Ci accomodiamo sulle panche in legno – al concerto in chiesa si assiste seduti – e dopo qualche minuto di attesa i Leisure Society prendono il loro posto sul palco. La band di Nick Hemming, già membro dei Telescopes e dei She Talks To Angels (con Shane Meadows, regista di “This is England”), si presenta in trio e non nella formazione a sei, per motivi di logistica, spiegheranno. Chitarra, tastiera ed alle loro spalle un violino. Anche loro, proprio come noi, sono seduti. Per la formazione di Burton on Trent un disco ogni due anni a partire dal 2009 e un rendimento piuttosto stabile: nessun album capolavoro, ma allo stesso tempo nessuno meno che piacevole. Il loro approccio alla musica è divertente e divertito, più che di mestieranti si tratta di veri appassionati ed il loro entusiasmo li spinge a cercare un continuo contatto col pubblico, interrompendo la magia che si crea durante i brani con aneddoti che hanno l’intento di tenere alto l’umore degli astanti. L’allegria arriva però principalmente grazie alla loro musica, mentre i testi sono spesso cupi, crepuscolari. Sembra quasi che ci vogliano far capire che si può star male dentro senza perdere il sorriso. Il concerto, nonostante arrivi in apertura di serata, sarà completo (un’ora abbondante) e non in versione ridotta, come un qualsiasi opening act. Ci sarà spazio per i brani dell’ultimo lavoro, ‘The Fine Art of Hanging On’,  ma anche per un’inaspettata cover, ‘A Little Respect’ del duo synth-pop Erasure. Questo pezzo sarà riconoscibile soltanto grazie alle parole, mentre a livello musicale è quanto di più lontano possa esserci dall’originale.  Attingeranno molto da ‘Alone Aboard The Ark’, opera terza e a nostro avviso la più riuscita della loro carriera, con il successo ‘Fight for Everyone’ che vince la palma di pezzo capace di far muovere il maggior numero di teste dei presenti. Un paio di pezzi saranno eseguiti con l’ausilio di una ragazza, da loro conosciuta a Brighton, che li aiuterà con la sua splendida voce. Prenderà il posto a sedere del violinista, mentre il galante musicista si metterà in piedi. Hemming, per questi due brani, userà il chitarrino, dando un’atmosfera più jangle alla cosa. Infine, dopo aver portato a termine la scaletta regolare, torneranno per un brano che verrà cantato e suonato in piedi sotto il palco, ben lontani dai microfoni. Grande atmosfera ed accenno di brividi sulla schiena, prima che i “fedeli” lascino le panche per una standing ovation.

Al termine del live ci prenderemo una pausa, uscendo all’esterno a prendere una boccata di nicotina. Il freddo ci ricaccerà dentro ben presto, dove troveremo i Leisure Society intenti a firmare dischi e accerchiati dal calore dei loro fan. Qualche minuto ancora ed ecco salire sul palco l’olandese, ora residente in Belgio, Chantal Acda. È bionda e alta più di quanto potessimo immaginare, e anche più del 90% degli uomini italiani. Imbraccia la chitarra e canta, mentre gli altri tre membri che la accompagnano si occupano di suonare basso, tastiera (o seconda chitarra) e batteria.

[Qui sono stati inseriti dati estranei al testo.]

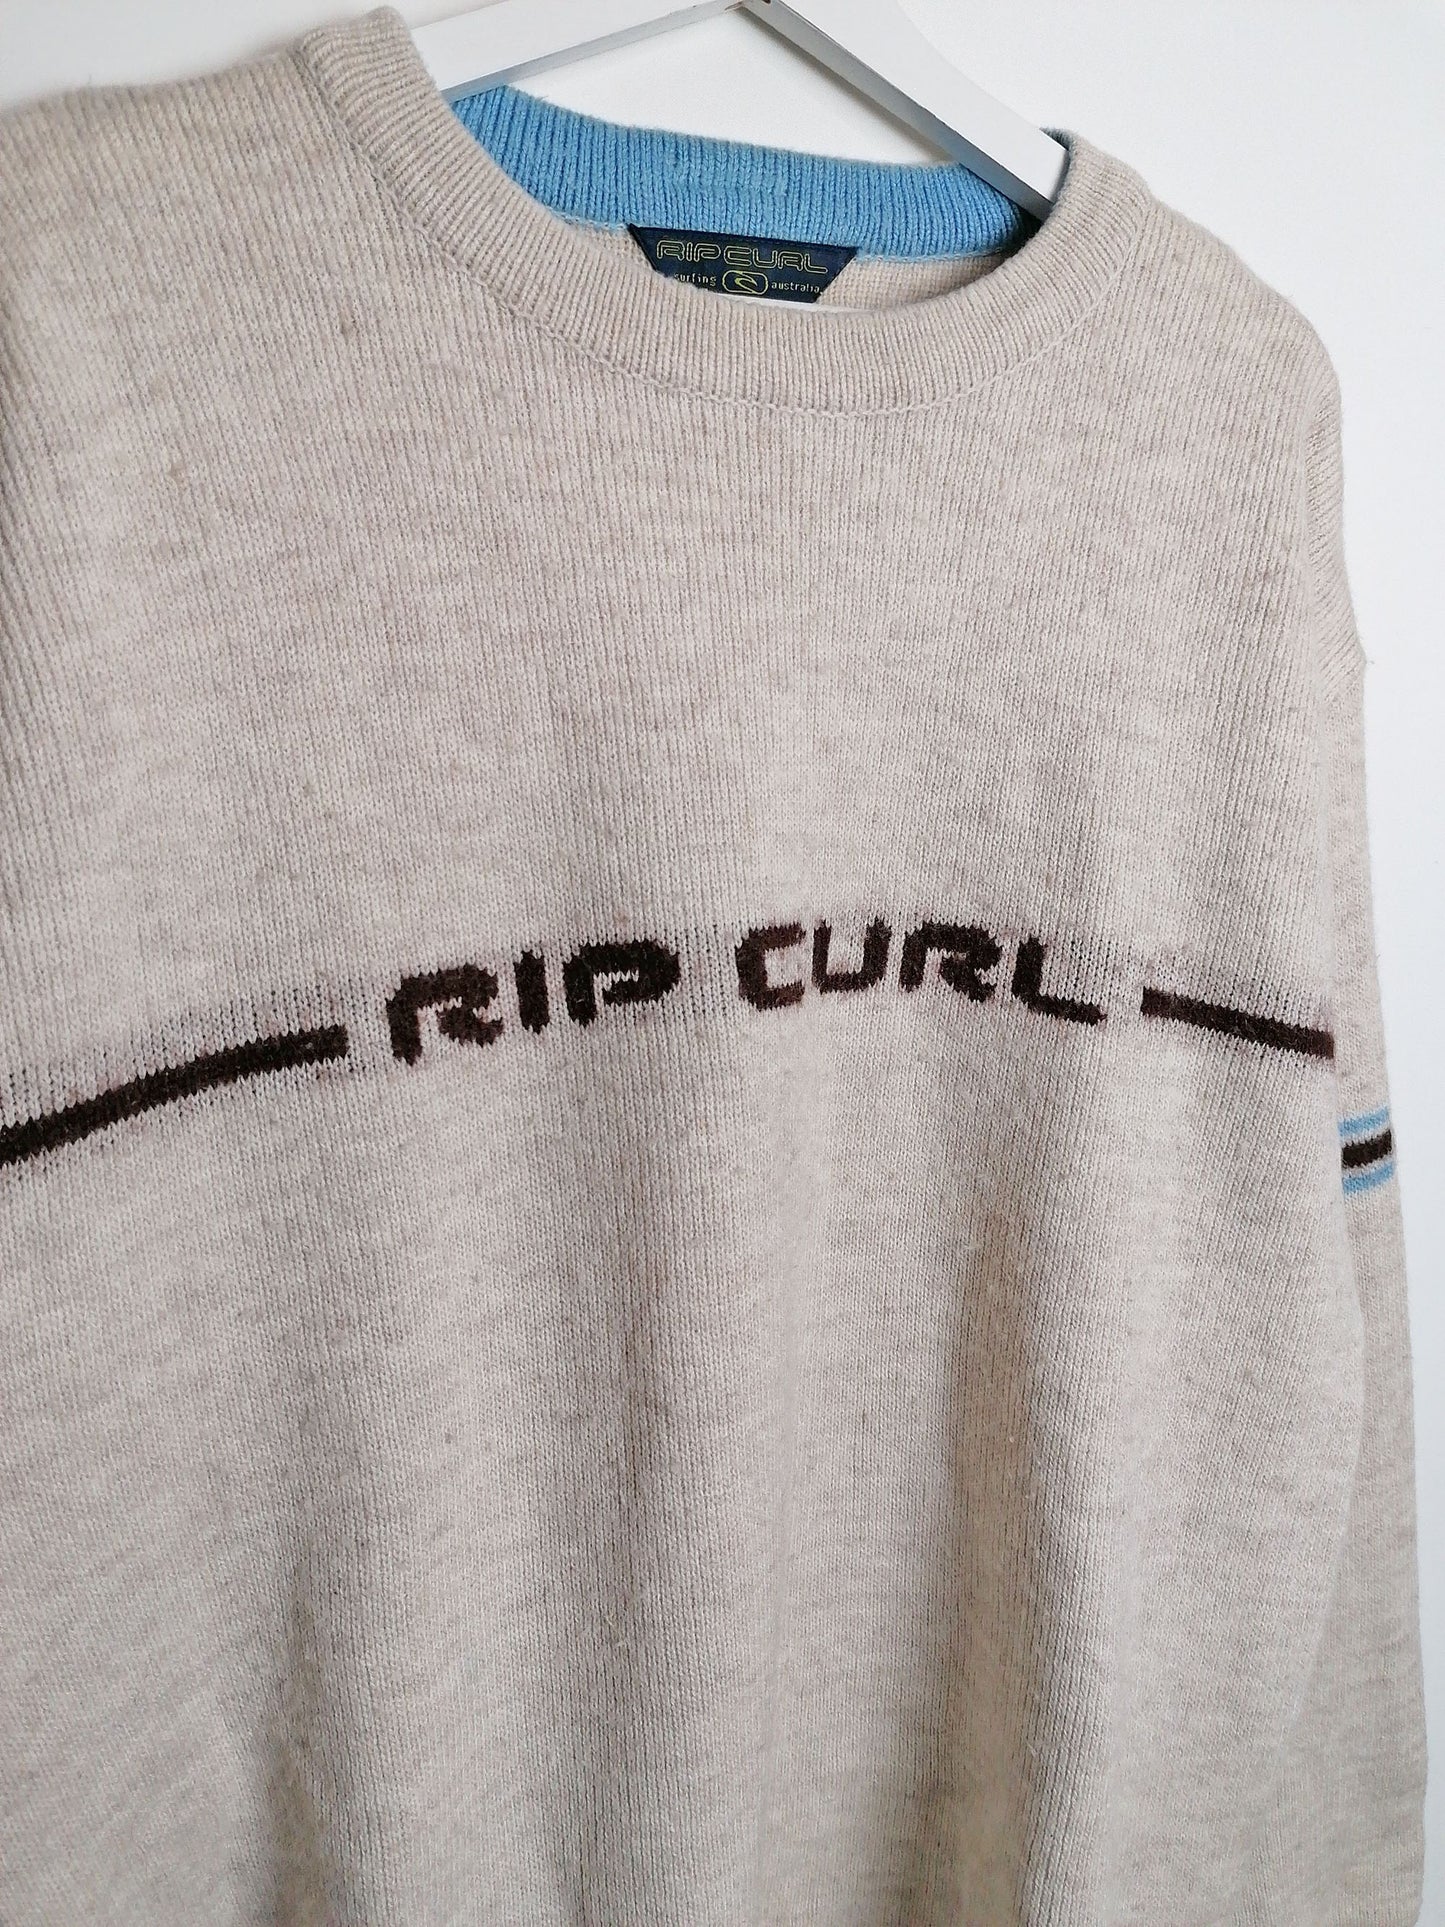 90's RIP CURL Wool Knit Ski Sweater - size L men
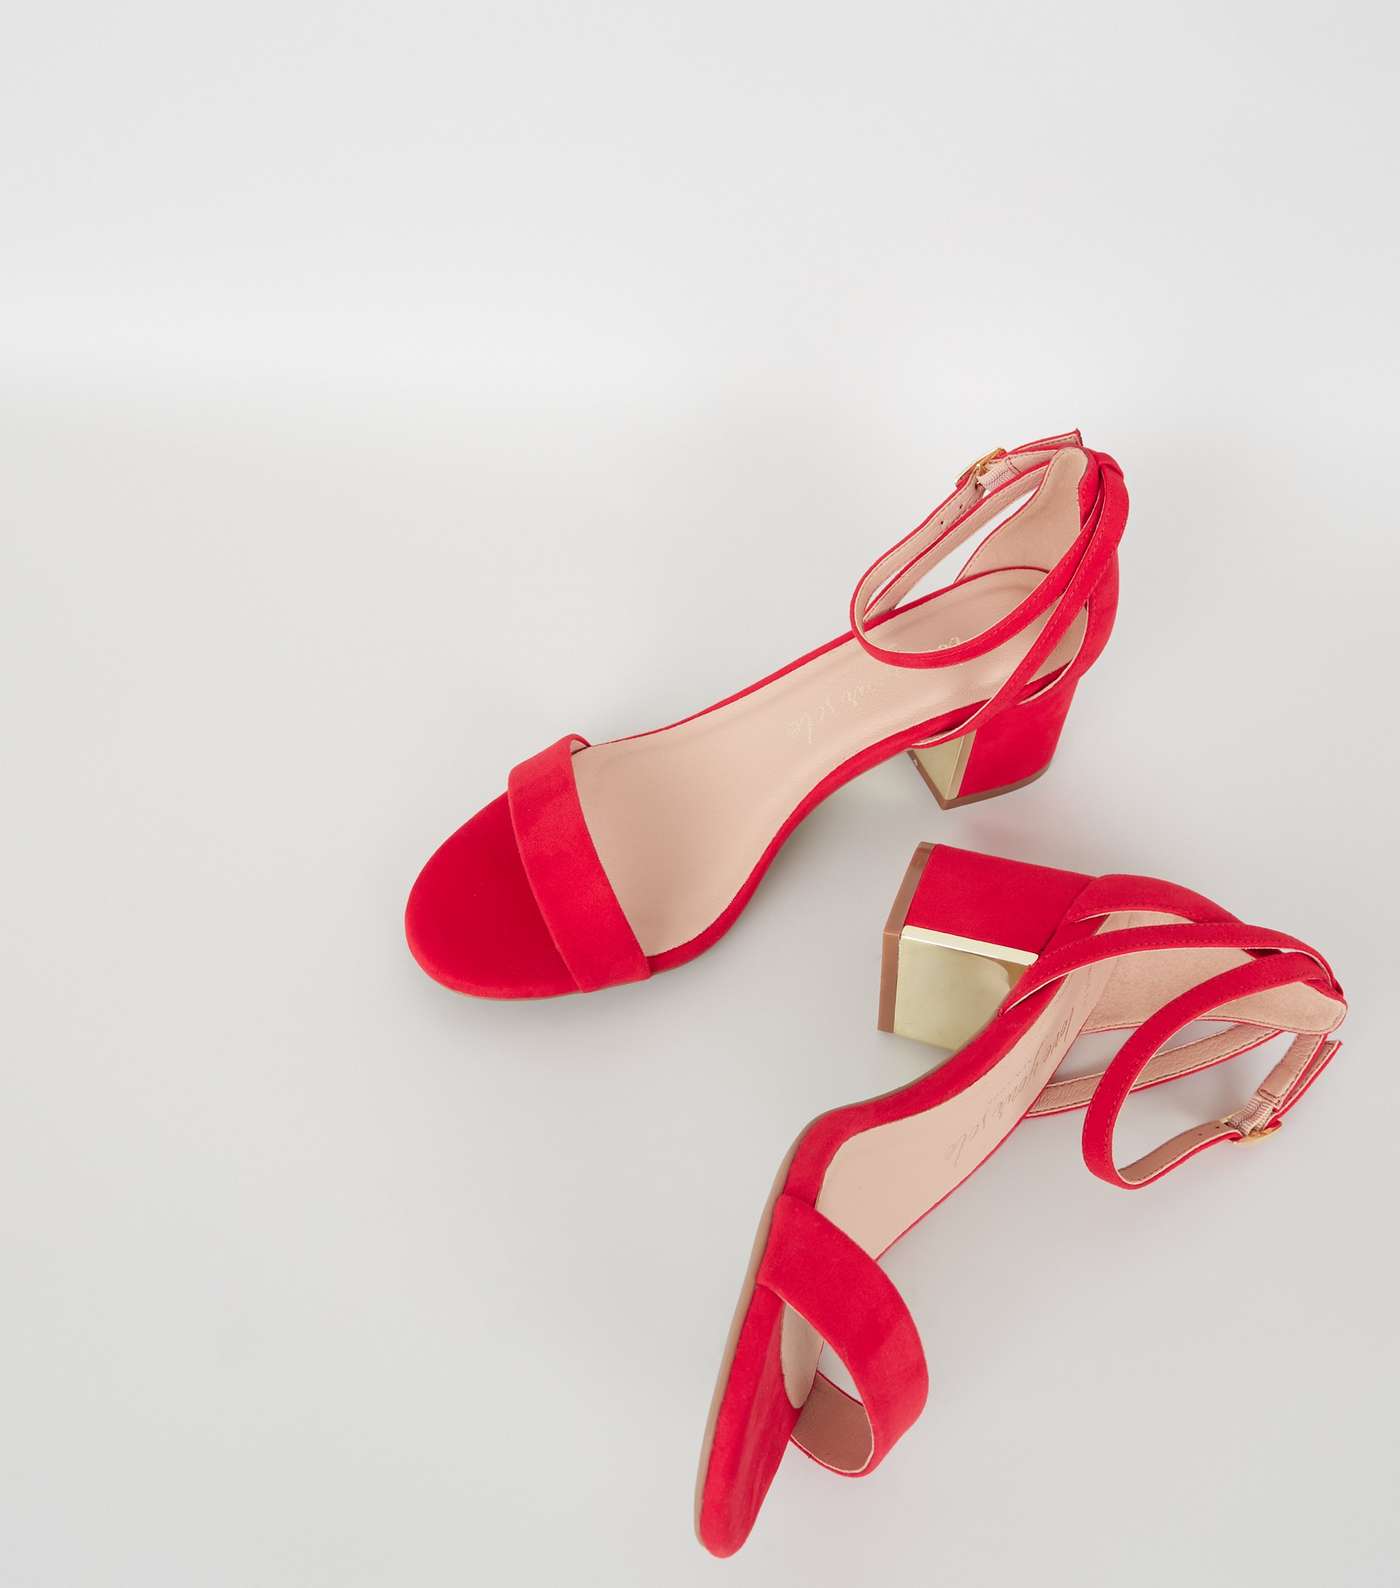 Wide Fit Red Metal Low Block Heels Image 3

L’atmosfera che si crea è rispettosa della chiesa, ma il suo cantautorato glaciale che scorre lungo le composizioni minimali non ci conquista, anzi col passare del tempo finisce per annoiarci. Tra le sue collaborazioni ci sono quelle con Gyda Valtysdottir dei Mùm e Nils Frahm. Dopo aver lavorato per quattro anni al progetto Sleepingdog che coniugava cantautorato e atmosfere ambient, Acda si è messa al lavoro su un proprio album solista e proprio da lì è nato l’esordio, ‘Let Your Hands Be My Guide’. Il live è incentrato, sul disco d’esordio, con ‘My Night’ e ‘Own Time’ come pezzi più apprezzati dal pubblico, ma anche sul sophomore ‘The Sparkle in Our Flaws’ che segue lo stesso canovaccio del suo predecessore. Tra i molti applausi dei presenti ci sono anche quelli di un suo conoscente olandese, che Chantal riconosce e mette al centro di un siparietto. Dice di essere felice di avere finalmente qualcuno con cui parlare olandese, tradendo un pizzico di nostalgia di casa. La stessa che ci prende a noi, che lasciamo la chiesa non appena la band si allontana dal palco.